--- Given records ---

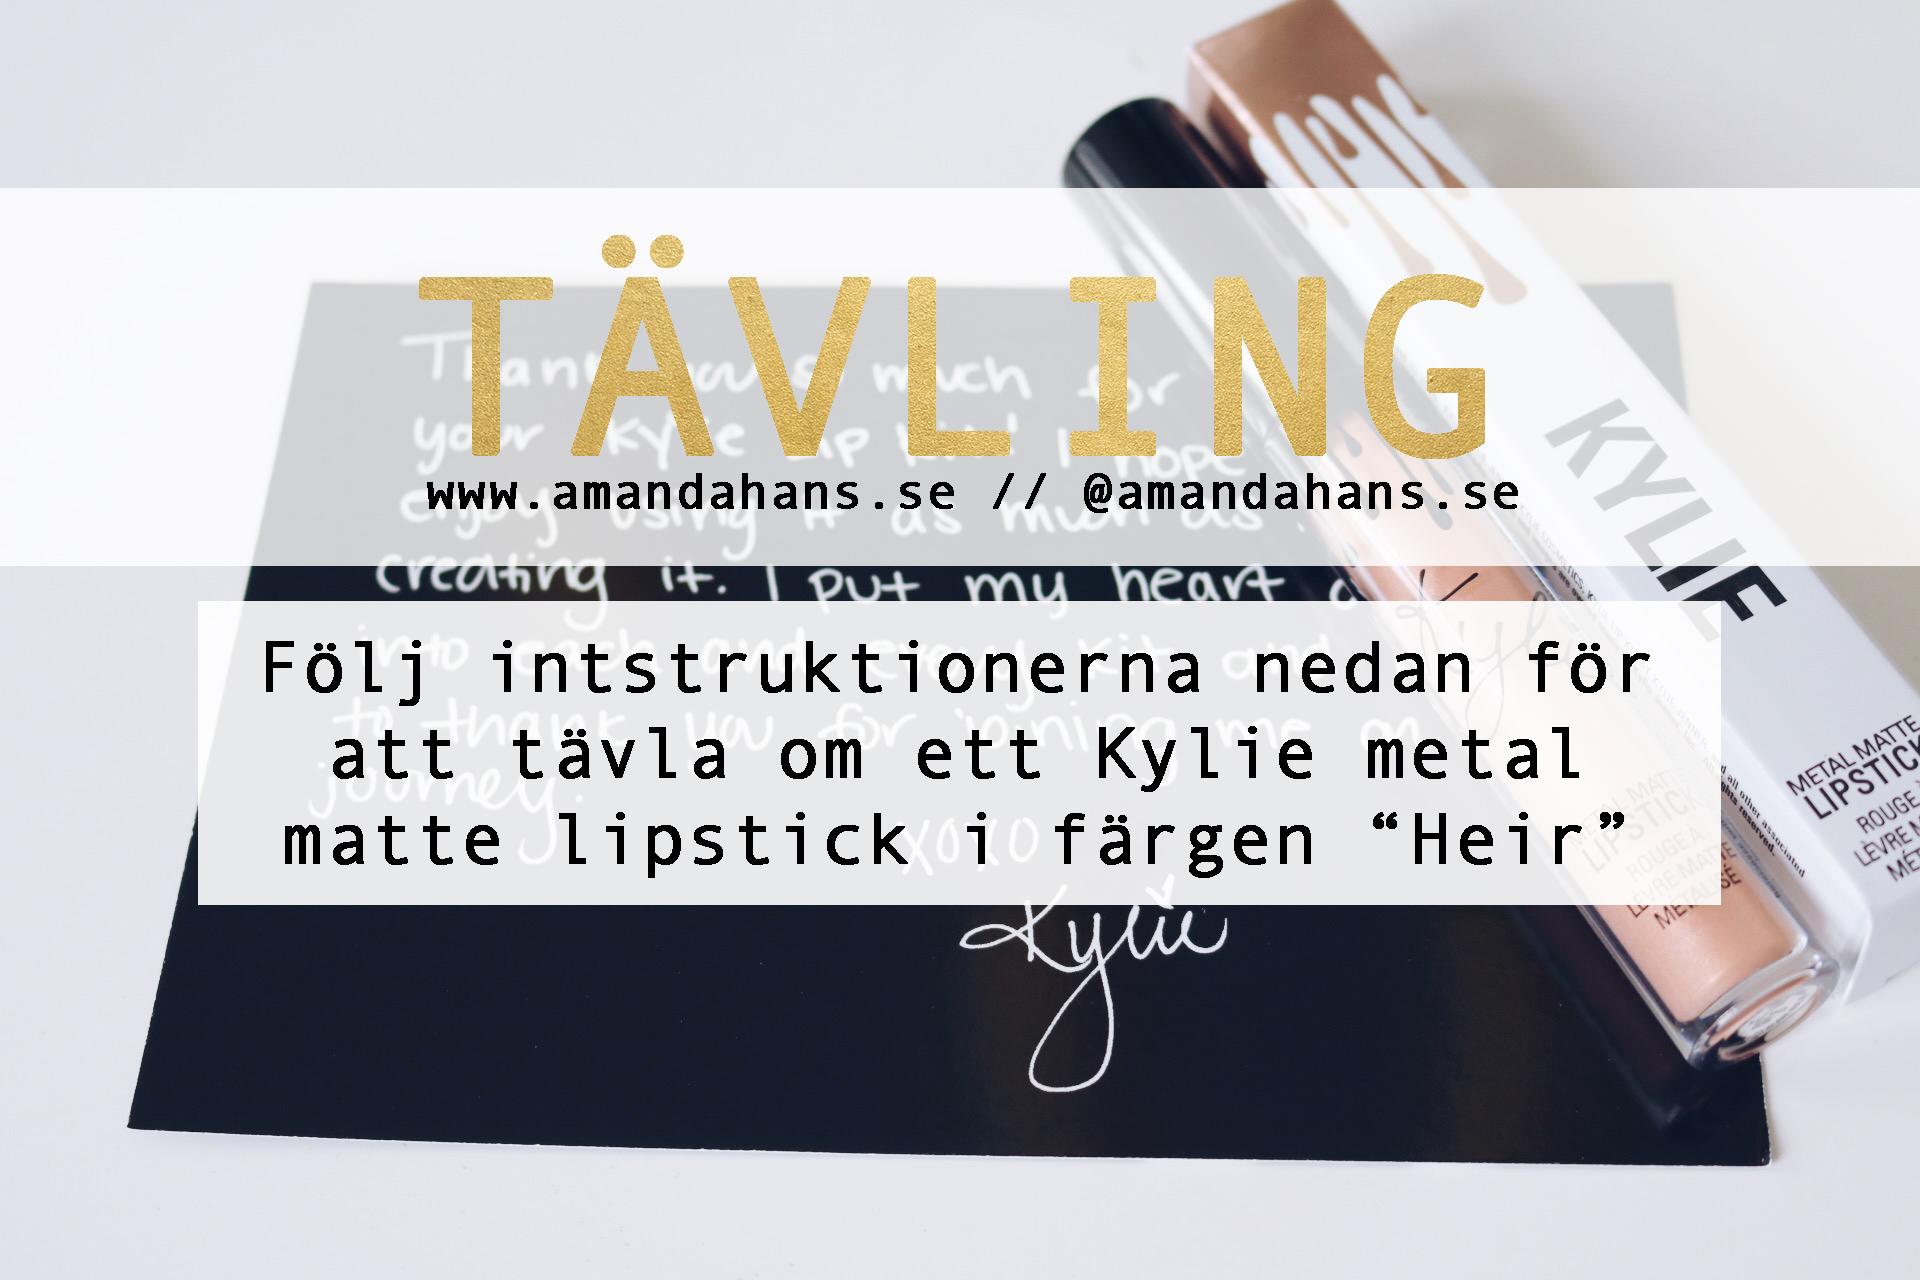 Vinn ett metal matte lipstick från Kylie tävling kylie kosmetiks skönhetsblogg skönhetsbloggare amandahans heir swatch
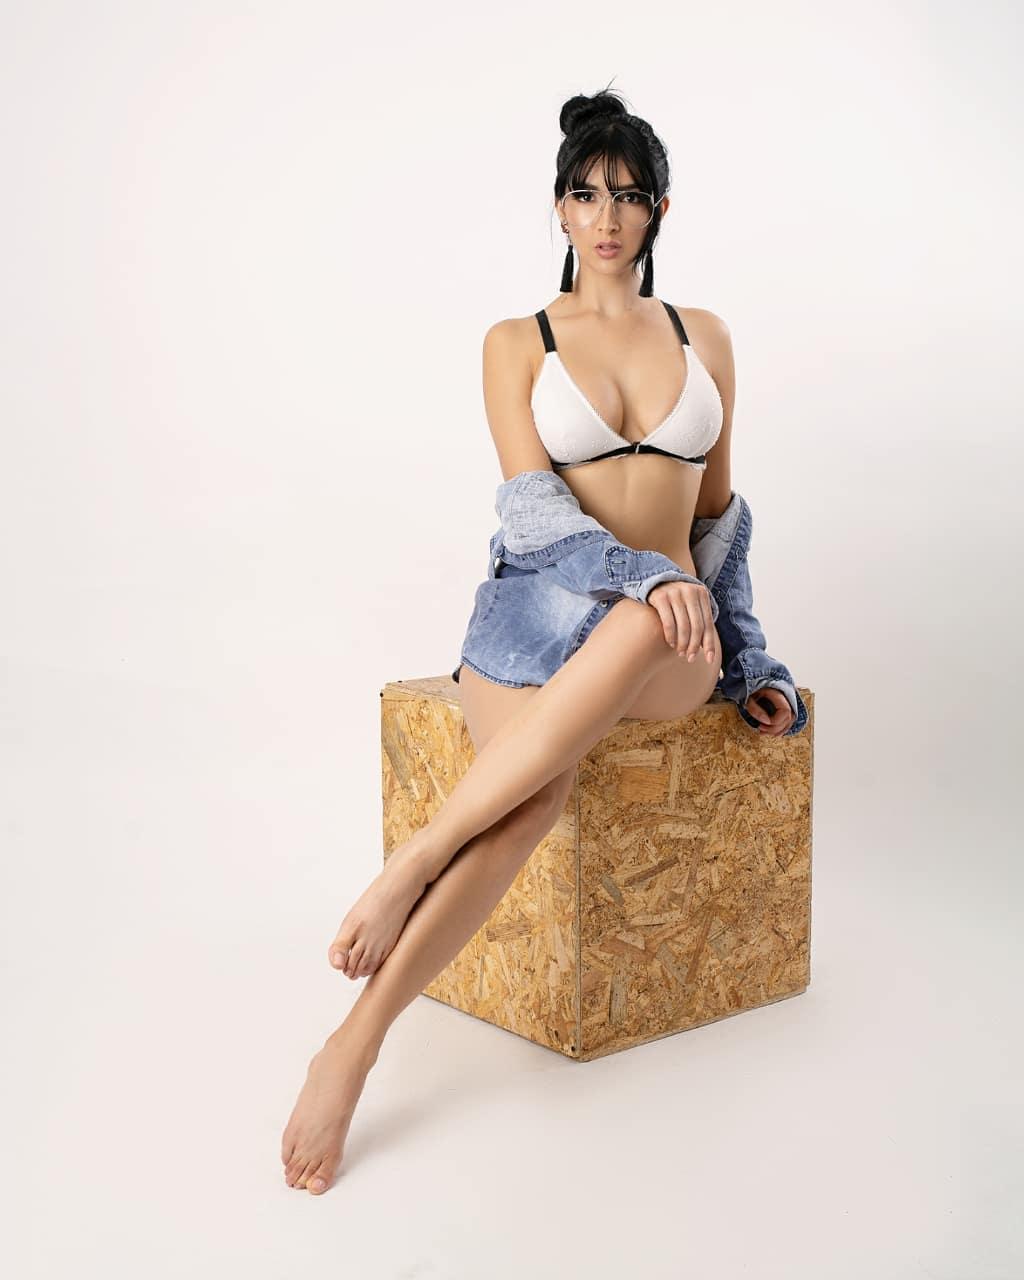 Kathy Moscoso
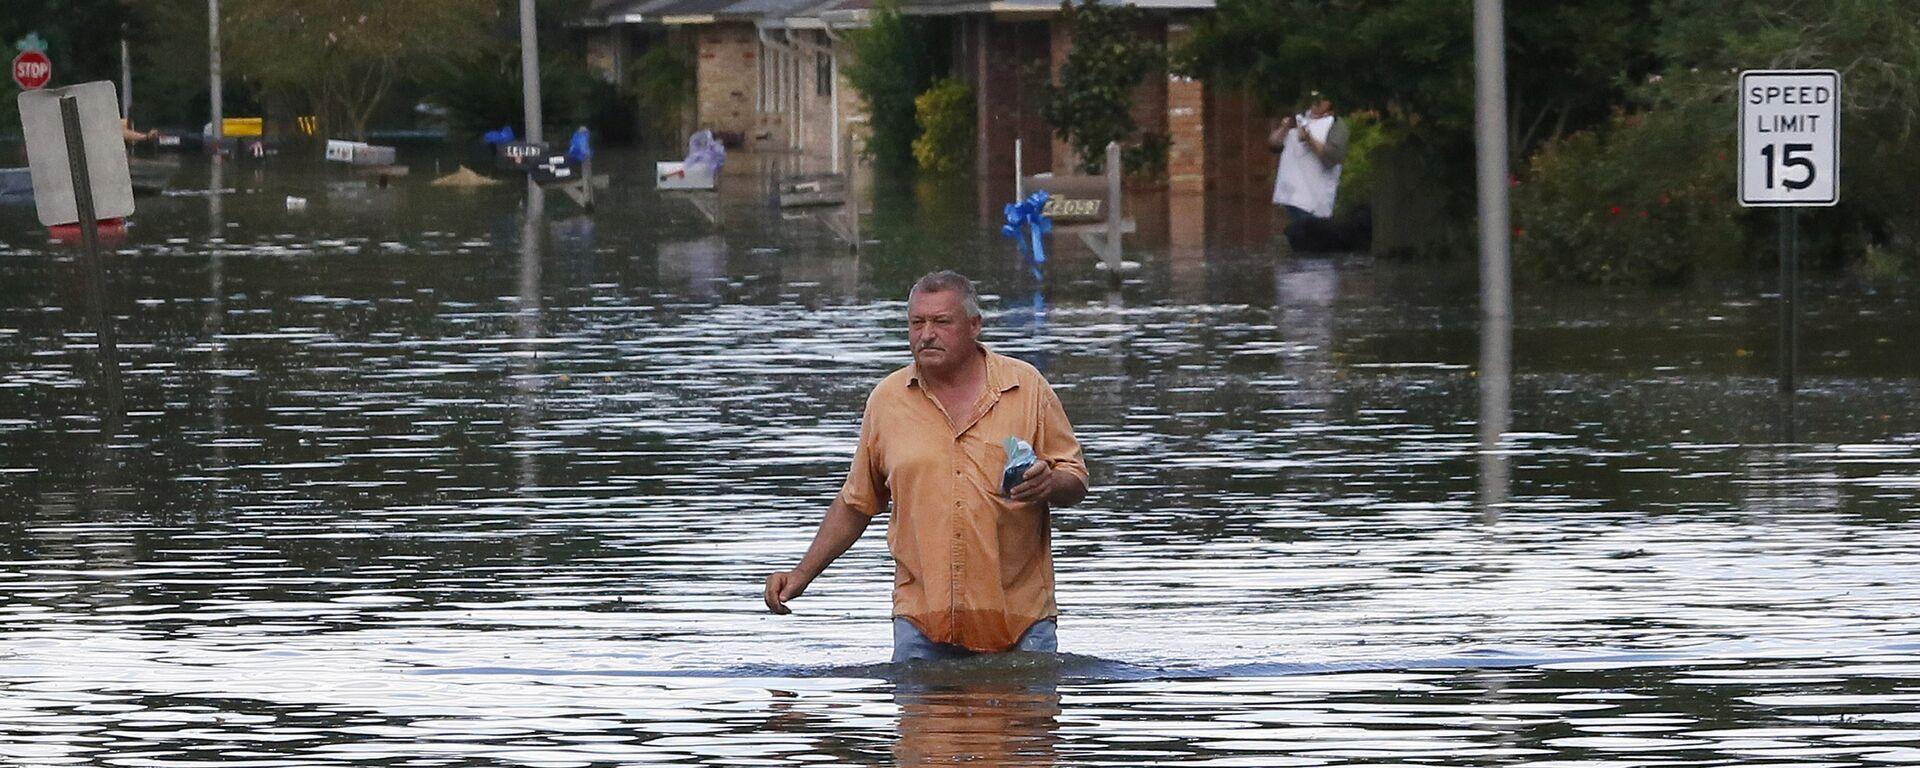 Inundaciones en Luisiana, EEUU - Sputnik Mundo, 1920, 13.09.2021
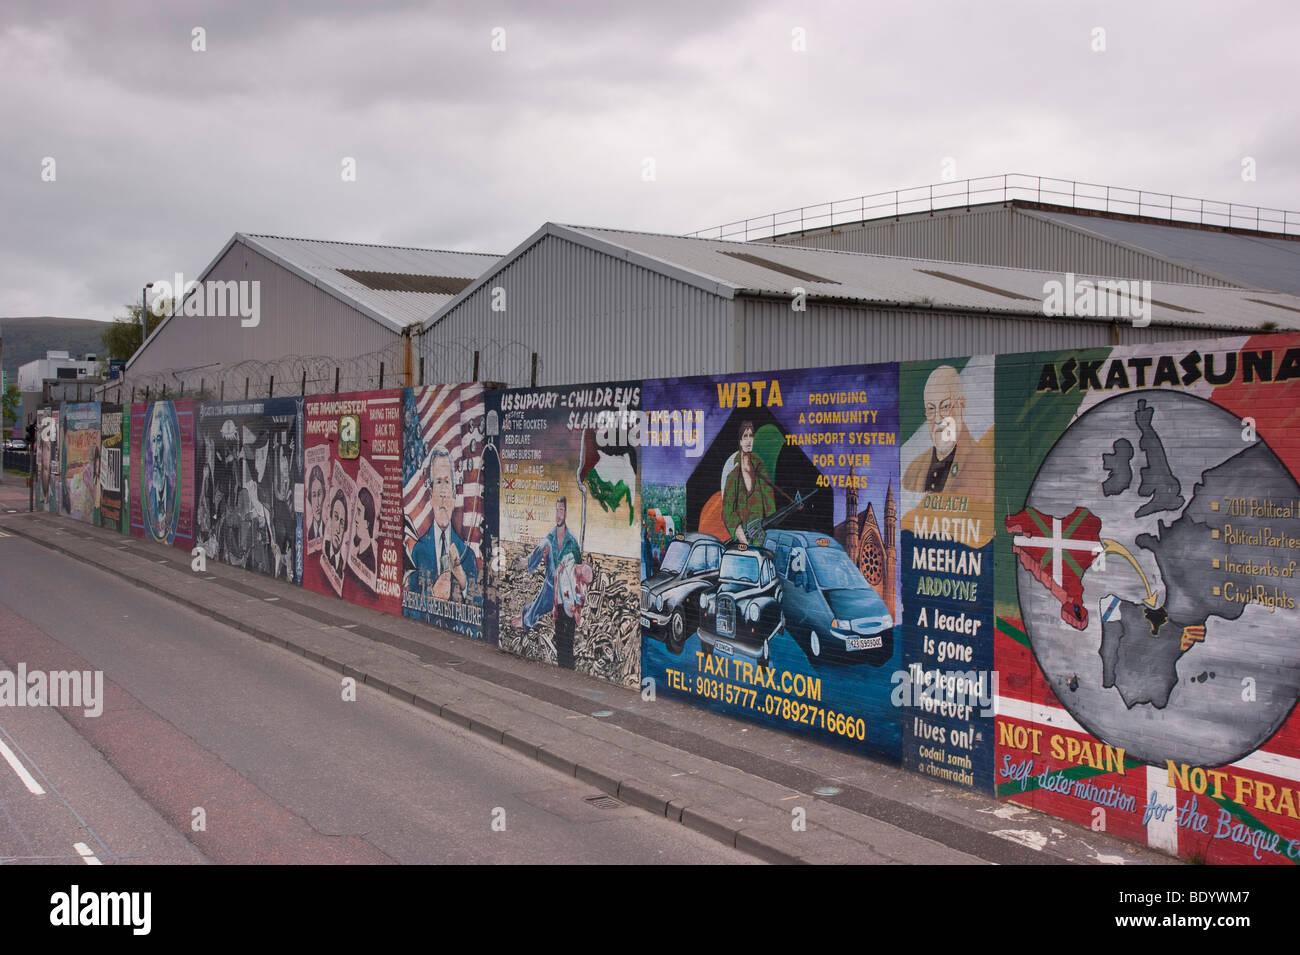 Belfast Ireland 2009 Sinn Fein and other political wall art Museum of Irish Republican History - Stock Image
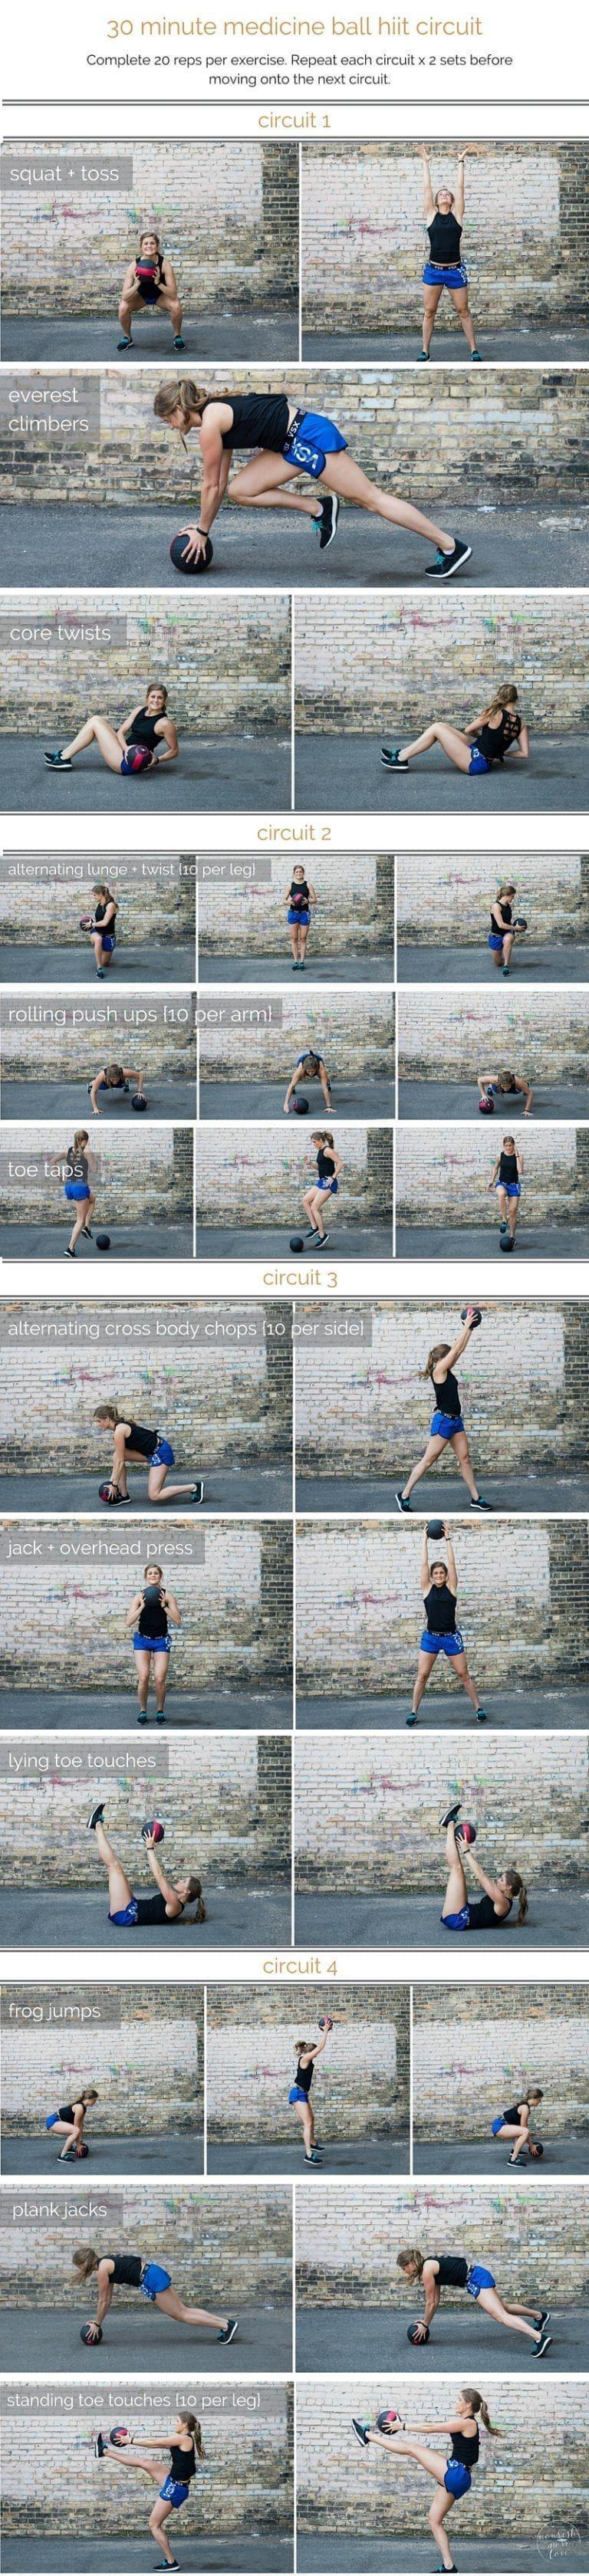 #Ball #Circuit #fitn #fitness #HIIT #langhantel  #circuit #fitness #langhantel #langhantelfitness

---

Return the entries above exactly and in full; do not include images.

 Vinn ett metal matte lipstick från Kylie tävling kylie kosmetiks skönhetsblogg skönhetsbloggare amandahans heir swatch
 Kathy Moscoso
 Inundaciones en Luisiana, EEUU - Sputnik Mundo, 1920, 13.09.2021
 Belfast Ireland 2009 Sinn Fein and other political wall art Museum of Irish Republican History - Stock Image
 #Ball #Circuit #fitn #fitness #HIIT #langhantel  #circuit #fitness #langhantel #langhantelfitness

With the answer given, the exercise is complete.